For 2 workloads (cpu-bound, IO-bound) repeated with 3 configs comparing v6.26.1 without and with the PoC fix listed above. The cpu-bound workload uses the command-line above except the number of keys is 40M. The IO-bound workload uses the command-line above (800M keys). Both were run on a large server with fast SSD, 64G of RAM and 36 HW threads.

all use:

--level0_file_num_compaction_trigger=4 --level0_slowdown_writes_trigger=20 --level0_stop_writes_trigger=30

x1 uses:

--soft_pending_compaction_bytes_limit=24696061952 --hard_pending_compaction_bytes_limit=49392123904

x2 uses:

--soft_pending_compaction_bytes_limit=49392123904 --hard_pending_compaction_bytes_limit=98784247808

x3 uses

--soft_pending_compaction_bytes_limit=98784247808 --hard_pending_compaction_bytes_limit=197568495616

Below, old is upstream without changes and new has the PoC diff. The diff fixes the stalls with a small benefit to average throughput. The worst case stall without the fix is between 218 and 319 seconds for the IO-bound workloads.

--- cpu-bound
qps     qps       max stall usecs
old     new       old     new
183449  261900    5651332 22779
170995  261053    161738  26681
176169  260813    133591  98030

--- IO-bound
qps     qps       max stall usecs
old     new       old     new
104364  110613    239833382 98609
109937  113630    318710946 124163
109735  114530    218813592 99256

The graphs have the per-interval write-rate using 5-second intervals. The red line is RocksDB v6.26.1 with the PoC fix, the blue line is RocksDB v6.26.1 as-is.

For the x1 config and IO-bound workload
x1 io

For the x1 config and CPU-bound workload
x1 mem

For the x2 config and IO-bound workload
x2 io

For the x2 config and CPU-bound workload
x2 mem

For the x4 config and IO-bound workload
x4 io

For the x4 config and CPU-bound workload
x4 mem

ajkr commented

Siying, Jay, and I discussed this a bit. I am probably the one slowing down the response to this issue due to being caught up in the philosophy of slowing down writes. Giving a quick update on where I am on that right now.

Take, for example, an arrival rate curve that would come close to violating limits on space, memory, or read-amp, but not quite reach those limits. The gradual slowdown phase is harmful to such workloads because it causes them to sleep while not protecting any limit. Worse, when arrival rate exceeds processing rate in the slowdown phase (as is likely to happen, otherwise we wouldn't be slowing down), the requests queue up and each one experiences progressively higher latencies, not just the latency of one sleep.

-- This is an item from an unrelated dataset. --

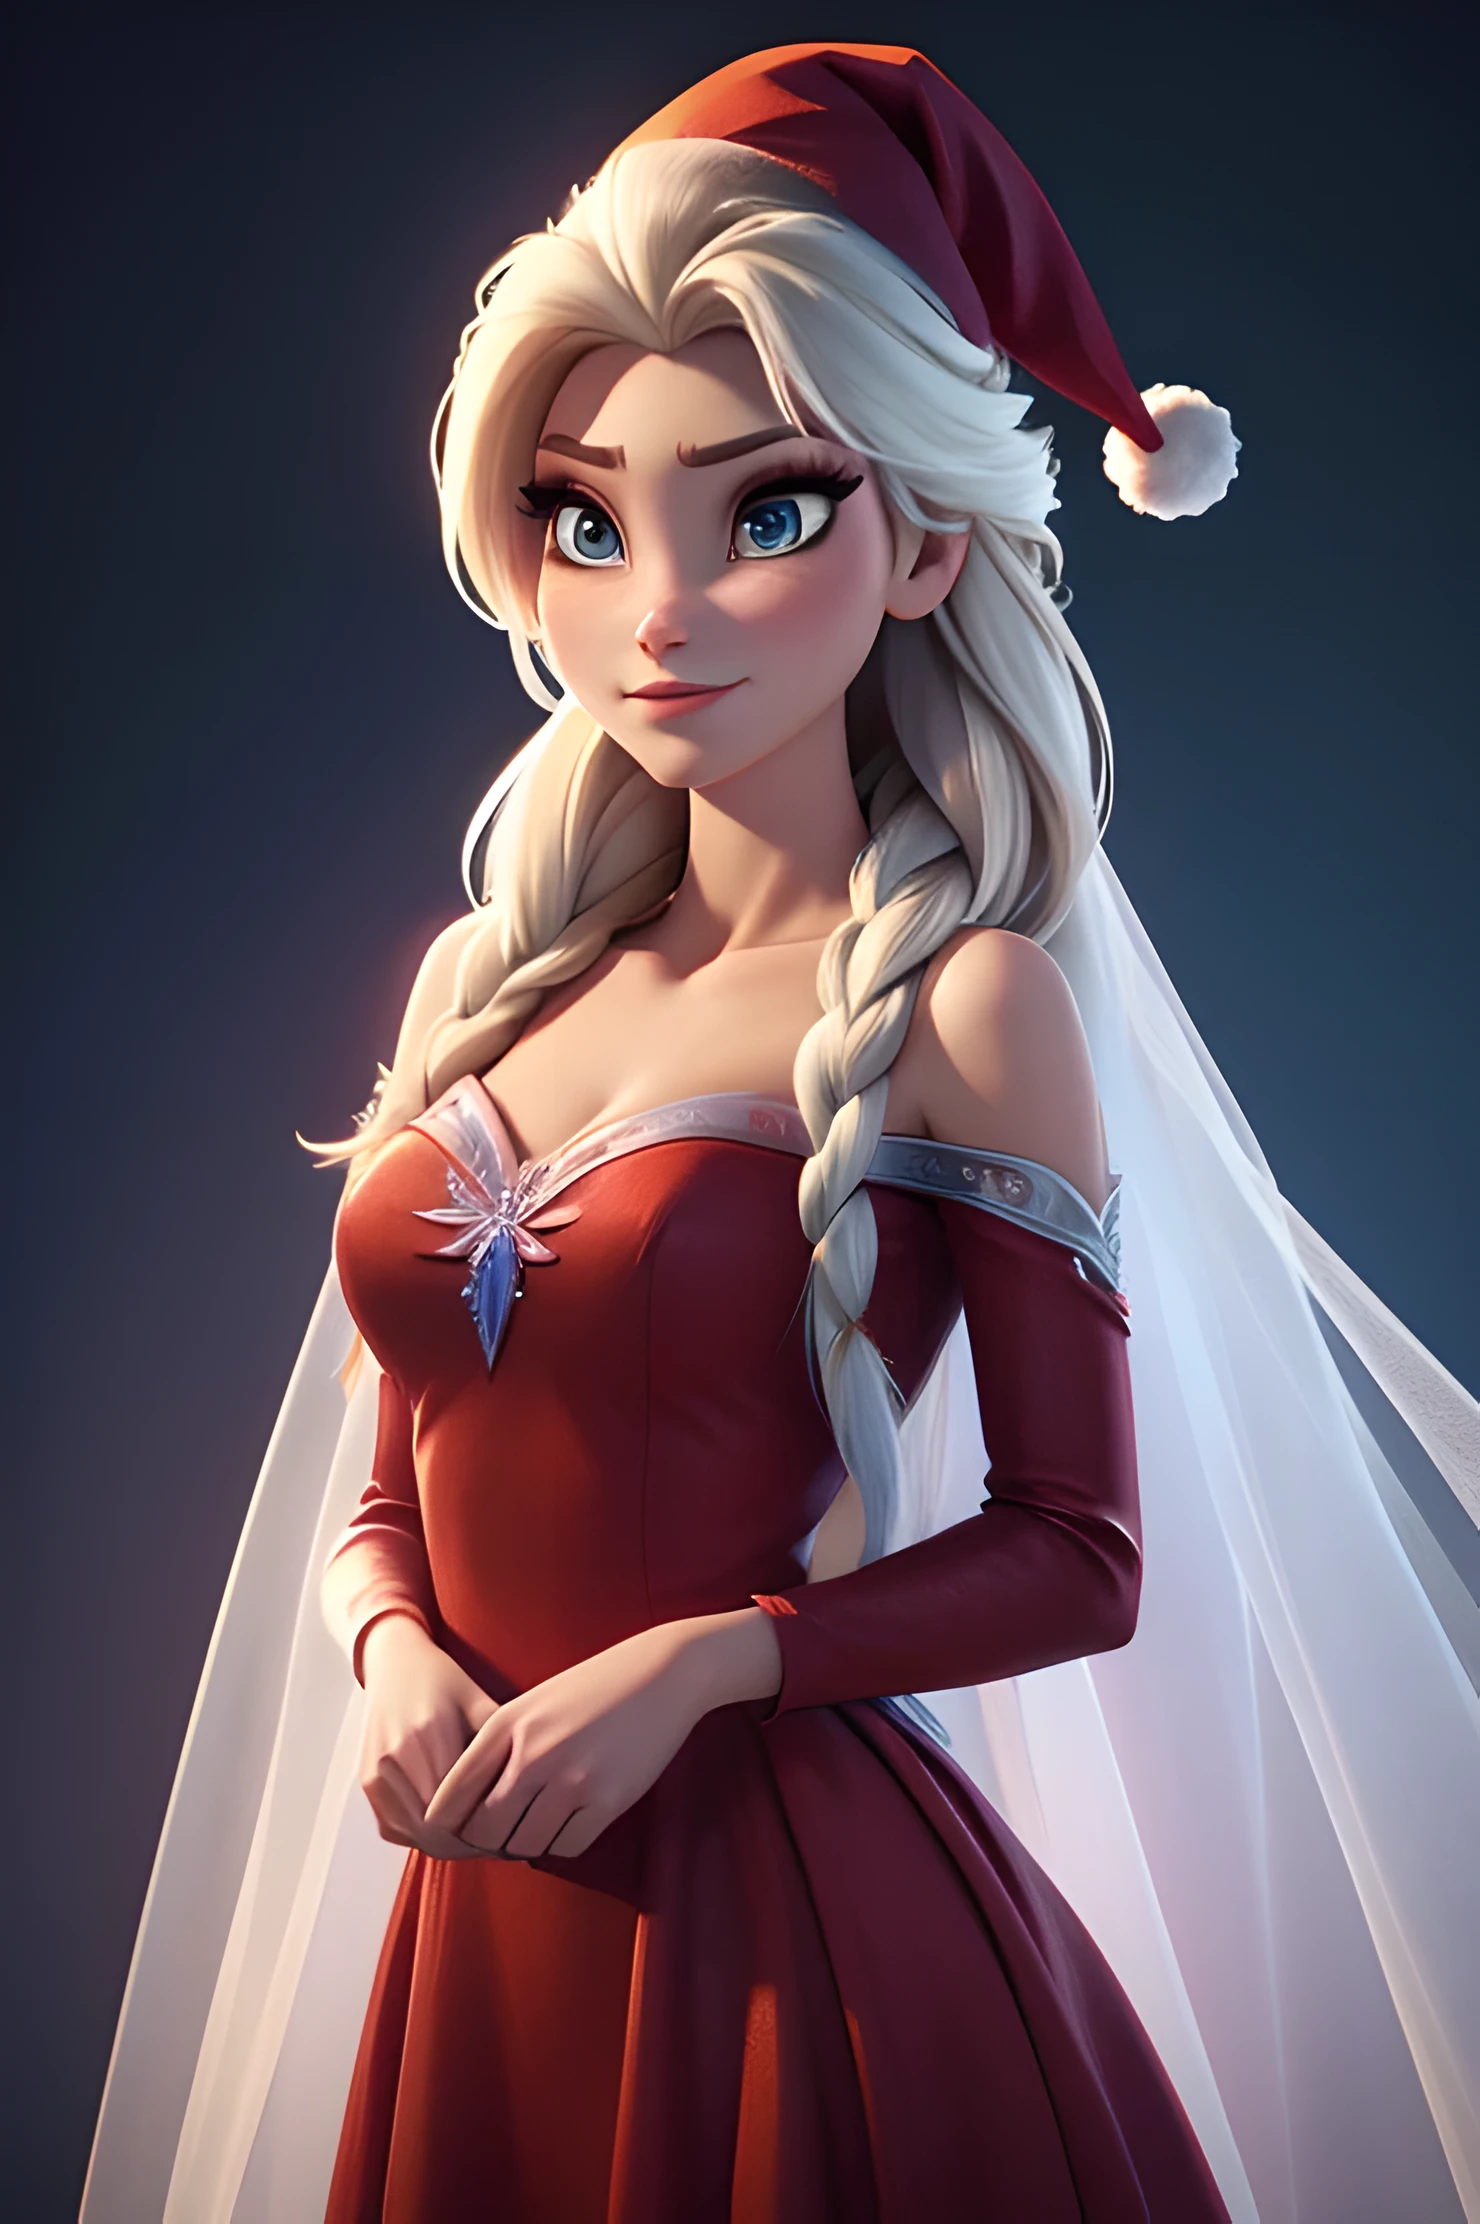 สร้างภาพเอลซ่าจากเรื่อง Frozen ที่สมจริง, ตัวละครจริง โฟรเซ่น เอลซ่า, แต่งกายด้วยแฟชั่นทันสมัยรับปีใหม่ . ชุดพื้นผิว HDR 8K, การเรนเดอร์ภาพ Elsa, เอลซ่าควรสวมชุดสีแดง, ชุดเดรสยาวที่ละเอียดอ่อน , พร้อมกับหมวกซานต้าปีใหม่. การแต่งกายควรมีสไตล์และเหมาะสมกับเจ้าหญิง. ชุดปีใหม่ด้วยขนนกและพู่จริง

The graphs look much more stable with the proposed change. But does it mean RocksDB is more stable? I am not sure because each curve in the graphs shows a different arrival rate. I think it is important to fix the arrival rate (note: db_bench cannot do this) and look at the tail latencies. For example take this graph:

image

Could the RocksDB that produced the red curve handle an arrival rate resembling the blue curve with decent tail latencies? Or vice versa? I am not sure. All I know is the blue RocksDB could handle the blue curve smoothly, and the red one could handle the red curve smoothly.

One thing Siying mentioned today that stuck with me is maybe there are some systems that use RocksDB like a closed-loop benchmark (I suppose they have some control over arrival rate, e.g., by shedding excess requests to somewhere else). For those it indeed would be nice if we held a stable processing rate in face of pressure on the system. I need to think about this case further, and how it'd be done to not regress systems that have no control over arrival rate.

Some brief notes on past experiences:

  • In Pebble we only had hard limits (discussion: cockroachdb/pebble#164 (comment)) in response to limit violations (space, memory, read-amp).
  • Working with users, I have yet to hear user-visible problems that would be solvable by slowing down writes earlier. Domas wanted us to never stall.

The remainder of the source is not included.